Powering the Aircraft with Solar Energy

The solar energy collected on the wings powers four 17.4 HP electric motors. The Solar Impulse team claims that the entire energy cycle is 94% efficient, due partly to the proximity of the energy collection system to the motors and partly to the highly efficient brushless electric motors.

This extreme efficiency comes at a cost in terms of performance. The aircraft has a maximum speed of only 85 mph and typically flies much slower to conserve energy.
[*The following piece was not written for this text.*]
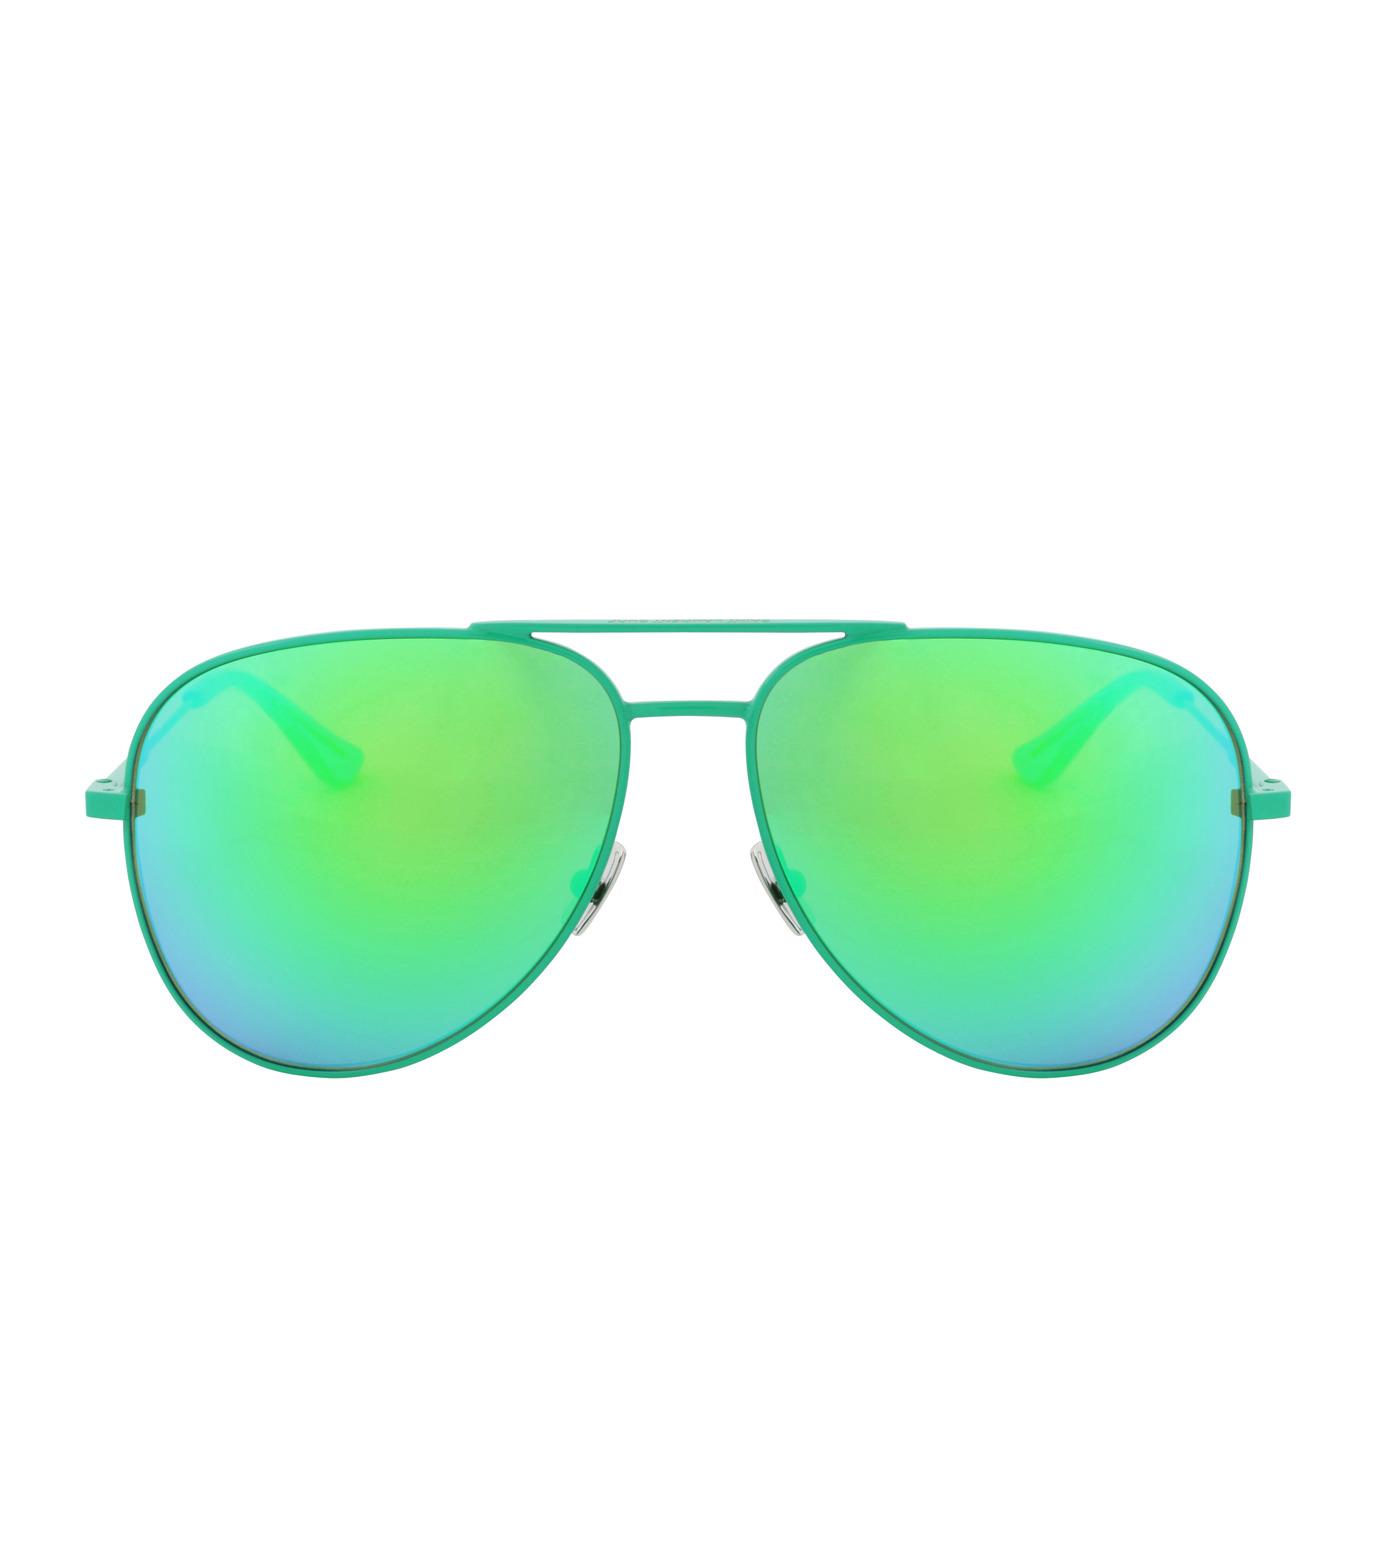 SAINT LAURENT(サンローラン)のTeardrop-GREEN(アイウェア/eyewear)-427758-Y9902-22 拡大詳細画像3

During daytime flight, Solar Impulse collects more energy than it needs, and stores it in two ways. The first way is in the form of potential energy. The aircraft climbs to an altitude of up to 28,000 ft. during the day, and then glides down to as low as 4,000 ft. overnight. The following chart depicts the flight from Japan to Hawaii.
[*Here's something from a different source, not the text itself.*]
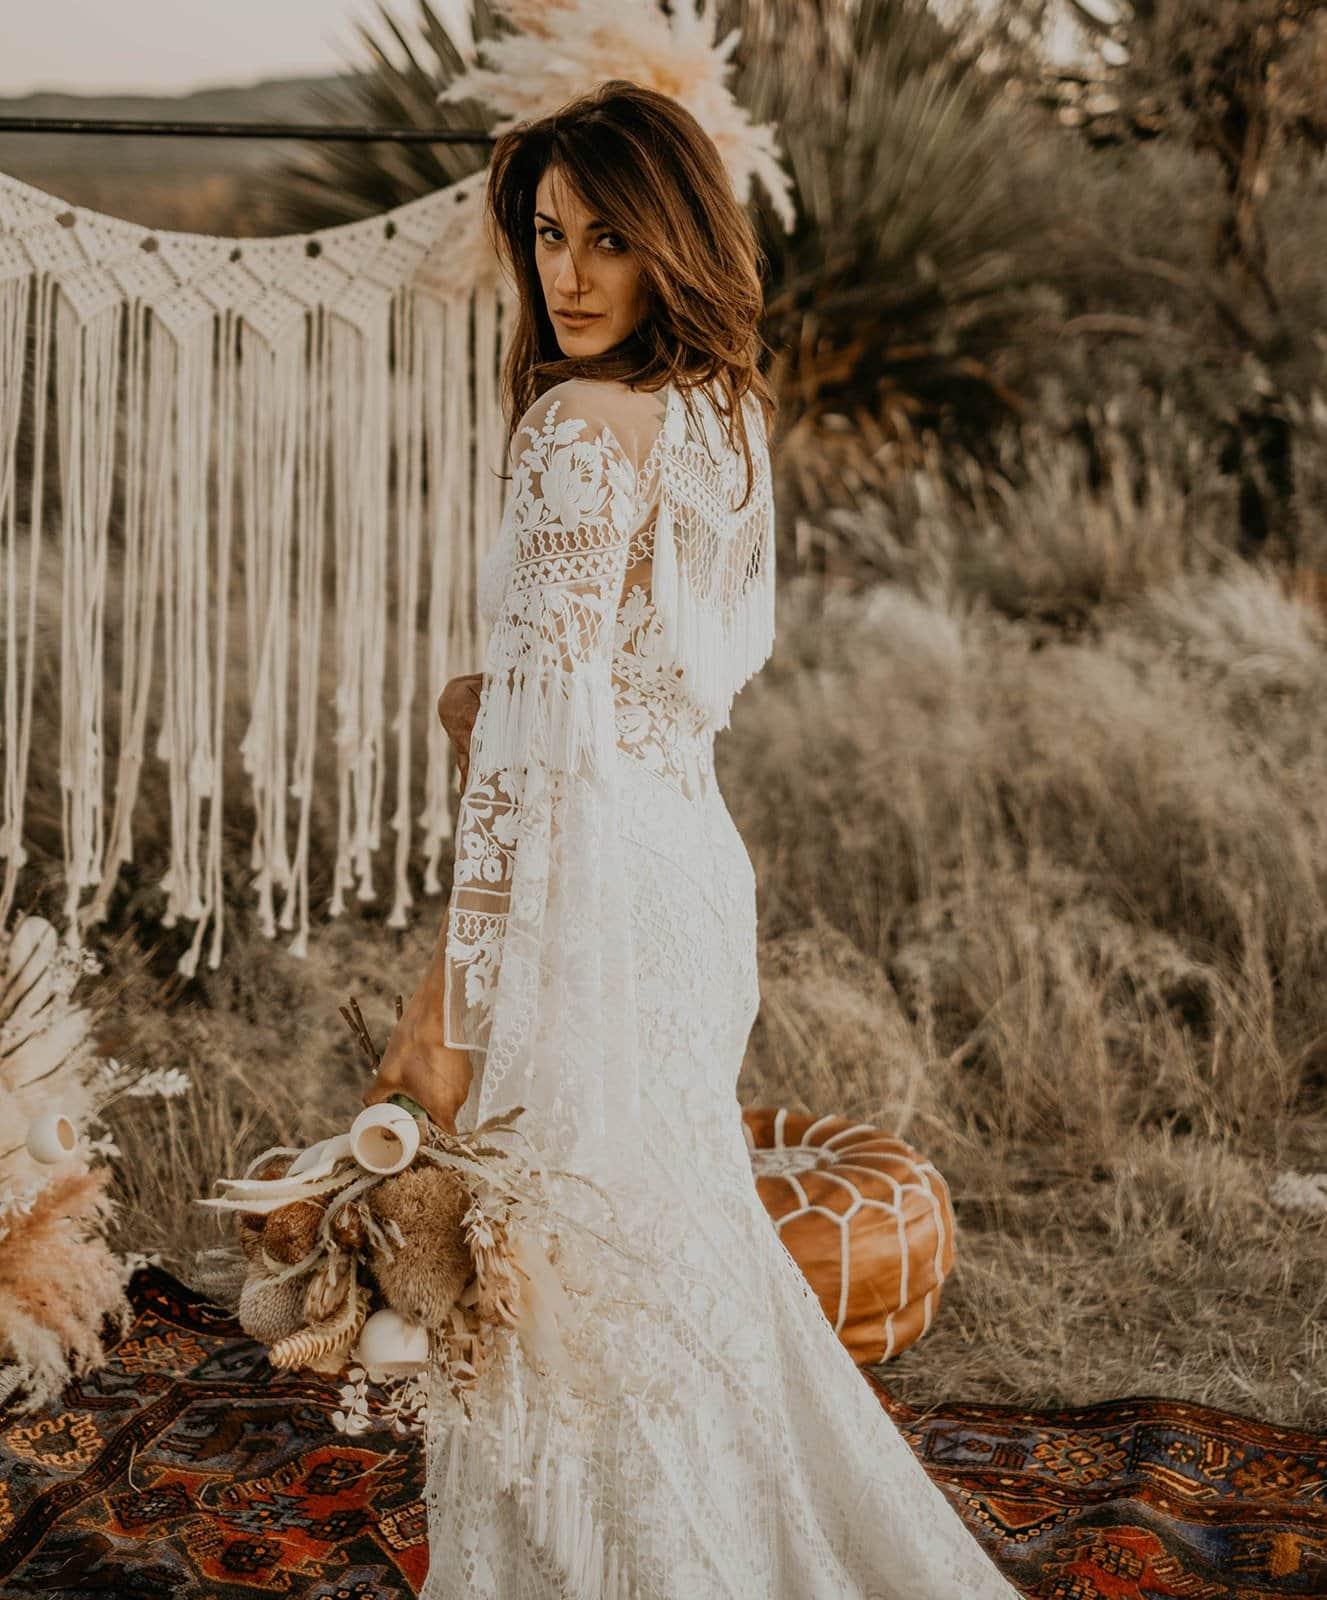 A&Be Bridal dress in boho wedding shoot.

Storing and using potential energy on Solar Impulse. (Image courtesy of Solar Impulse.)
Storing and using potential energy on Solar Impulse. (Image courtesy of Solar Impulse.)

The second way the team stored the collected solar energy was with four Lithium polymer batteries mounted underwing.  These batteries were engineered to have an impressive storage efficiency of 260 Wh/kg. However, the batteries proved to be the team’s undoing when they overheated and were deemed unsafe for further travel. Solar Impulse is currently stranded in Hawaii waiting for new batteries so that it can continue its world tour in 2016.

Lightweighting the Aircraft

An empty Boeing 747 can weigh in at 670,000 lbs at take-off. Solar Impulse weighs only around 5,000 lbs. It has a similar wingspan, yet weighs less than 1/100th as much. The team accomplished this lightweightingdespite having to lug around four large batteries which together weigh over 1,250 lbs, more than 25% of the aircraft’s total weight. 

The engineers came up with a combination of light materials in the form of an alveolate foam sandwiched between layers of carbon fibre.  This material makes up the fuselage, cockpit and spars. 

The wings have 140 carbon fiber ribs spaced 50 cm (19”) apart.  The team was sponsored in part by Dassault Systèmes, and used their 3D EXPERIENCE product design platform for the design process. 

3D design of aircraft wing. (Image courtesy of Solar Impulse.)
3D design of aircraft wing. (Image courtesy of Solar Impulse.)

Solar Energy is Not the Future of Flight

The Solar Impulse project’s aim is to highlight the potential uses for solar energy, rather than demonstrating a new future for aviation. Solar still suffers too many constraints to make it a competitive power source for commercial aircraft. The obvious shortcomings include that the aircraft holds only one person, the pilot, and flies far too slowly for realistic long distance travel.

And of course, the Solar Impulse is highly sensitive to weather. The team had to wait for more than three weeks in Japan before the right forecast gave them the confidence to leave for Hawaii. Not only does the forecast have to be sunny, the plane also is sensitive to rough weather.  For example, the plane suffered a broken aileron and had to divert in a previous flight. 

None of these constraints diminish the accomplishments of this team of engineers.  They worked within the constraints of solar technology and pushed the boundaries of lightweighting to show that there are ways to use solar energy, achieving what many might consider impossible.